# Alekej Lesukov - Junior Bodybuilder - New Vid



## Incredible Bulk (Sep 19, 2007)

This kid is a legend.....






:thumb: :thumb : :thumb: :thumb : :thumb:


----------



## Dean00 (Jan 25, 2009)

Hes gona be number 1 in the pro rankssome day i bet!


----------



## bassmonster (Aug 29, 2009)

that short video was rather inspirational......


----------



## Guest (Dec 3, 2009)

Holy sh*t!!


----------



## rs007 (May 28, 2007)

Makes you want to cry lol

What a physique!


----------



## SK-XO (Aug 6, 2009)

Thats crazy, what age is he?

amazing though, must have had some seriously good trainers schooling him at a young age.

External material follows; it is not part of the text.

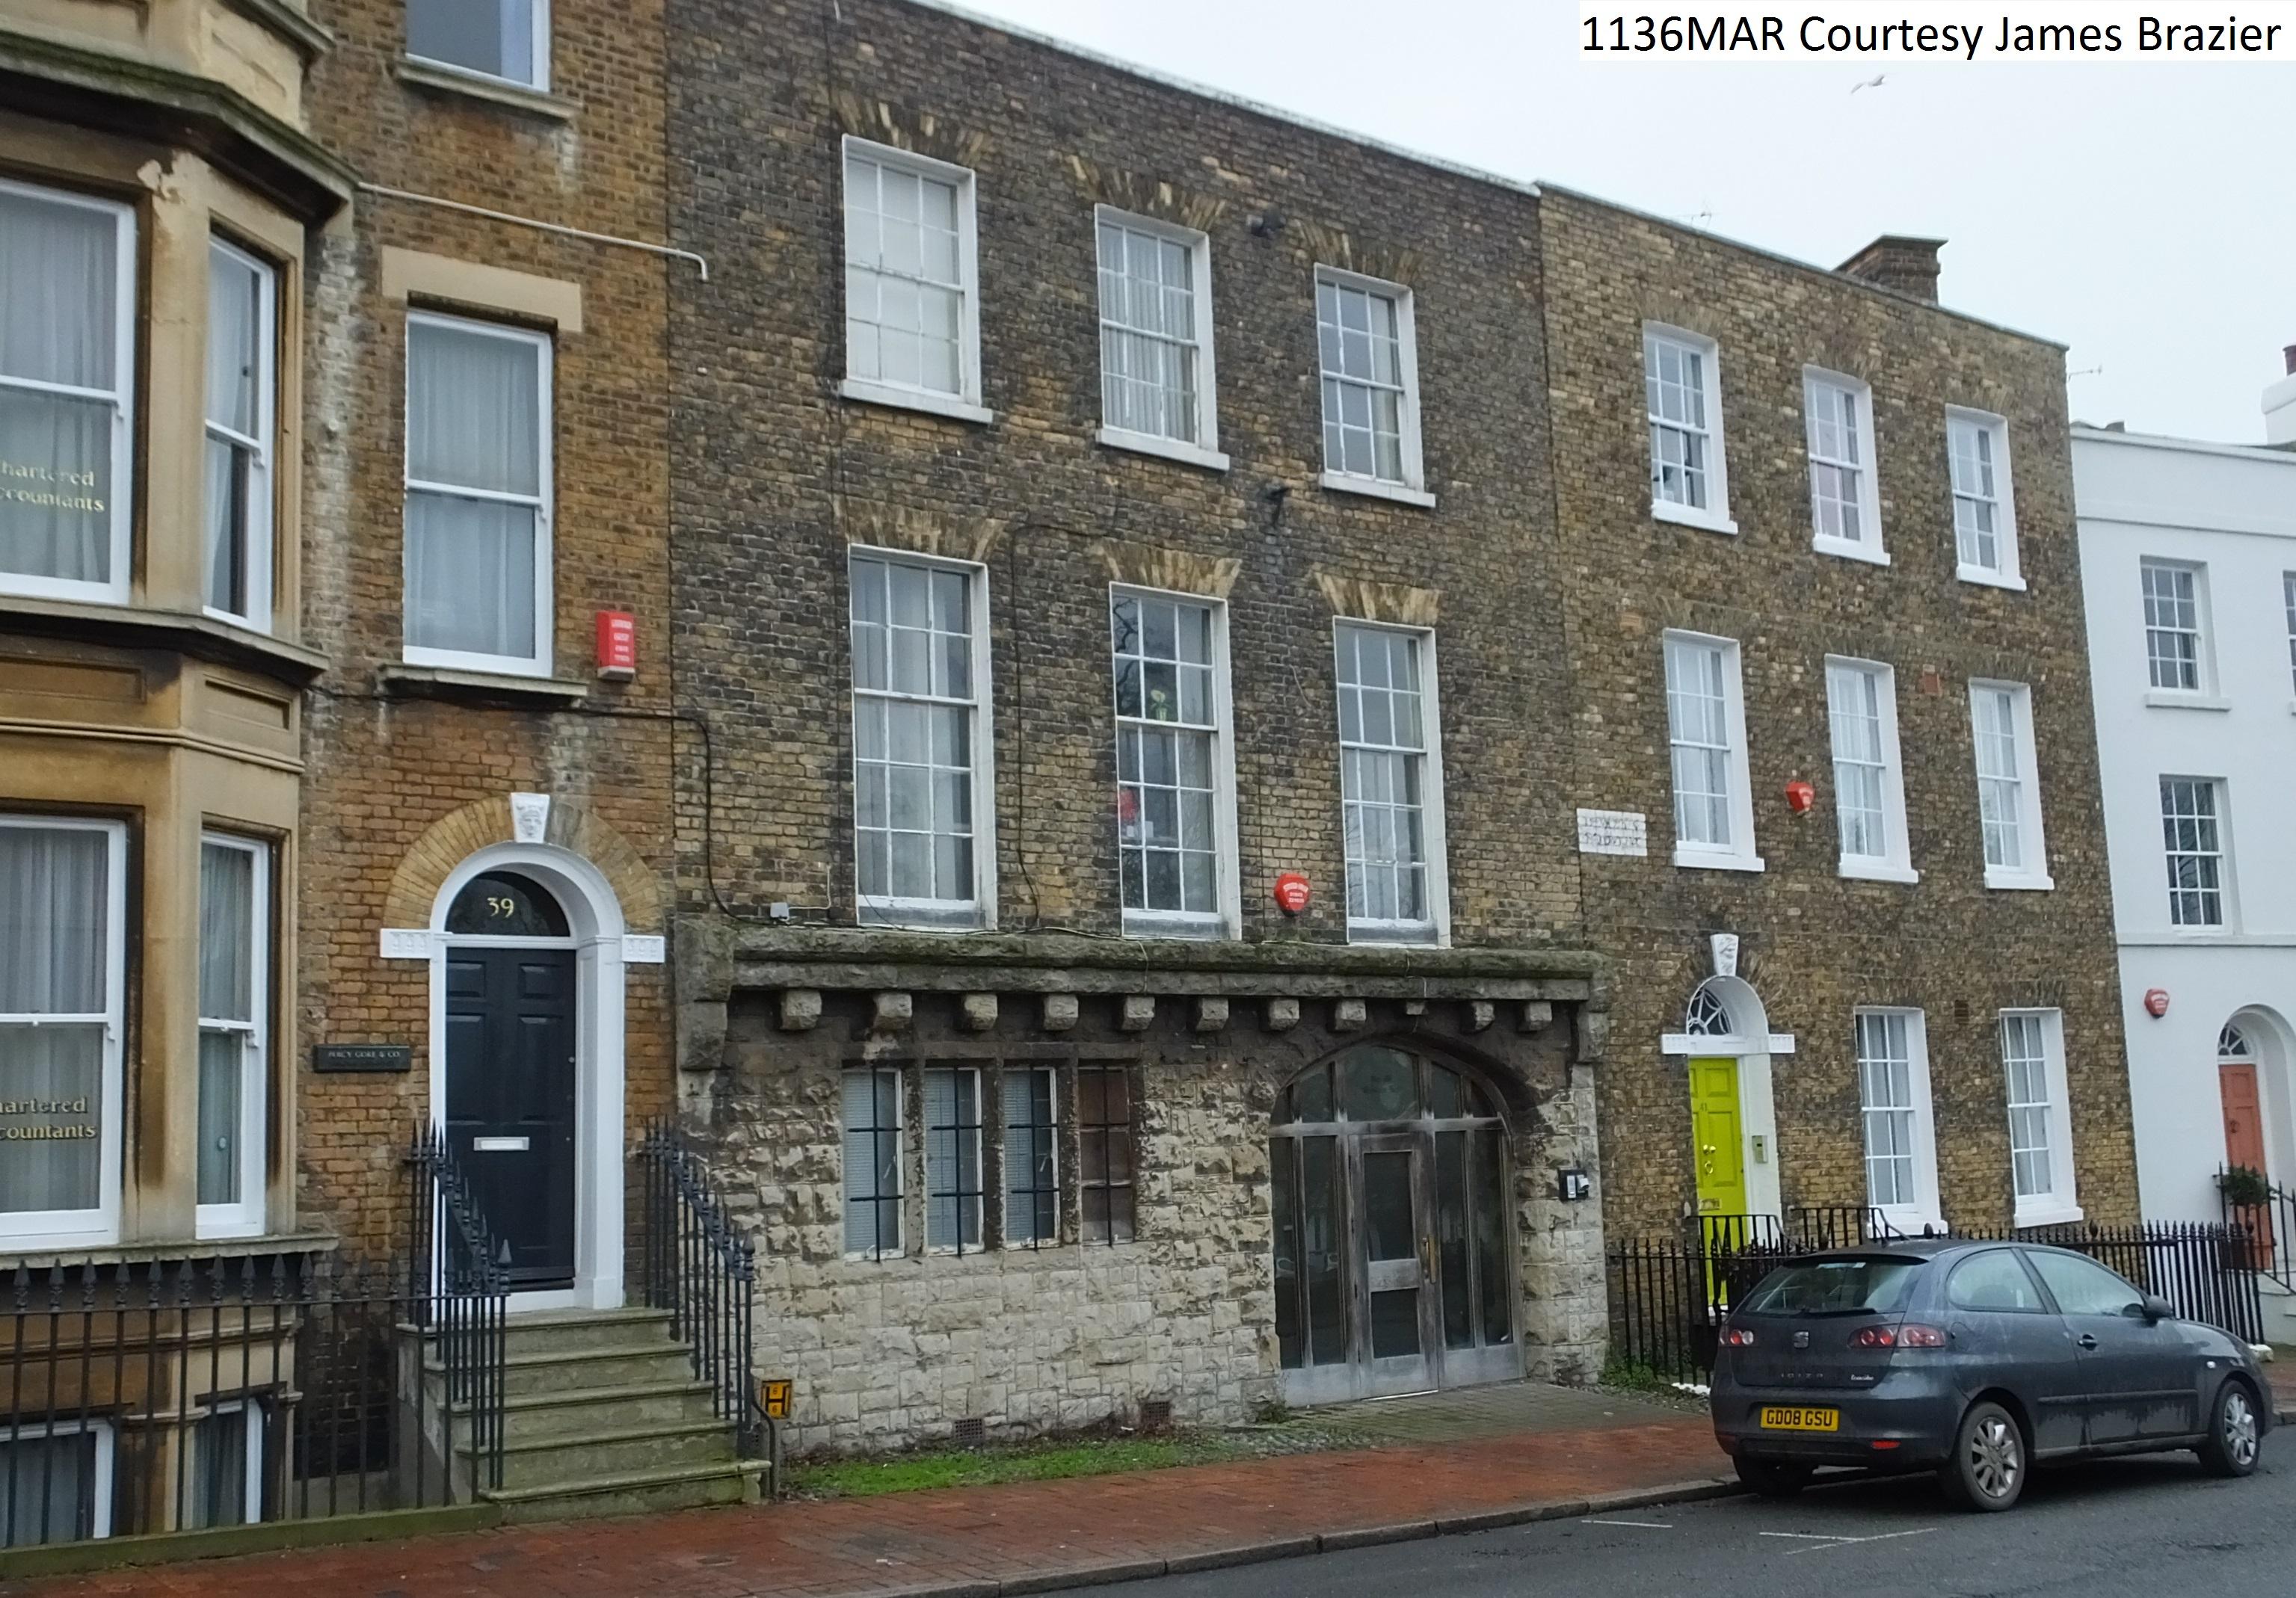 Former-Drill-Hall-40-Hawley-Square-Margate

Impressed vastly though, would be great to be like that.


----------



## SK-XO (Aug 6, 2009)

^ Video of him training at gym.


----------



## BigDom86 (Jul 27, 2008)

damn i wana look like that :<


----------



## sizar (Nov 13, 2008)

Incredible Bulk said:


> This kid is a legend.....
> 
> 
> 
> ...


monster


----------



## russforever (Apr 2, 2009)

wowweeee he looks amazing


----------



## bravo9 (Nov 5, 2008)

Hes 21 now,,, bid dude for sure


----------



## jjb1 (Jun 28, 2007)

his chest is good but not as good as this 1


----------



## daniel.m (Aug 21, 2006)

when will we see him in the pro ranks?

will he need to win the overall at his national show or get one by some other means


----------



## martj (Feb 23, 2009)

WOW...thats just phenomenal never seen anyone so muscular at that age...he's a genetic freak lol.


----------



## walks (Apr 13, 2007)

daniel.m said:


> when will we see him in the pro ranks?
> 
> will he need to win the overall at his national show or get one by some other means


He needs to win his class, i dont think hes finnished above 3rd in the open yet (thats where he finished at he nationals not long back)


----------



## WRT (May 21, 2009)

Vids like this make me want to give up, he's a year older than me. [email protected]t.


----------



## Guest (Dec 3, 2009)

WRT said:


> Vids like this make me want to give up, he's a year older than me. [email protected]


 I know  lol


----------



## Guest (Dec 3, 2009)

Celltech?


----------



## Rossy Balboa (Nov 6, 2008)

Hes an animal....


----------



## Bazooka Tooth (Apr 7, 2009)

wow very impressive.


----------



## WRT (May 21, 2009)

Edit, oops read that wrong. he was 17 here anyway:


----------



## Tom1990 (Dec 21, 2008)

fcuk me genetic freak i am jelous lol


----------



## jjb1 (Jun 28, 2007)

im honestly supprised he hasnt done better at the nationals

was this usa nationals?


----------



## Kezz (Sep 3, 2007)

blimey,, 17 and looking like that!! awesome


----------



## HTID (Oct 4, 2008)

incredible back and awsome legs, he,s better than anything we,ve got over here for his age. a young jay cuttler had legs like that at 22.


----------



## R84 (May 10, 2009)

That video left me speechless. Incredible.


----------



## Si Train (Jul 21, 2009)

Kinell!!!


----------



## chrisba (Aug 25, 2006)

Wow.....that is unreal.

On a side note, how ****ing annoying are the comments on every ****ing bb'ing video on you tube!!!


----------



## daniel.m (Aug 21, 2006)

jjb1 said:


> im honestly supprised he hasnt done better at the nationals
> 
> was this usa nationals?


i think he is russian, and i think he placed second in his class at the nationals


----------



## stow (Jun 5, 2007)

Incredible genetics, and amazing lower chest.


----------



## XL (Aug 12, 2009)

Very impressive physique.


----------



## Uriel (Oct 14, 2008)

Fuke me, he's come on unbelievable and he was good before.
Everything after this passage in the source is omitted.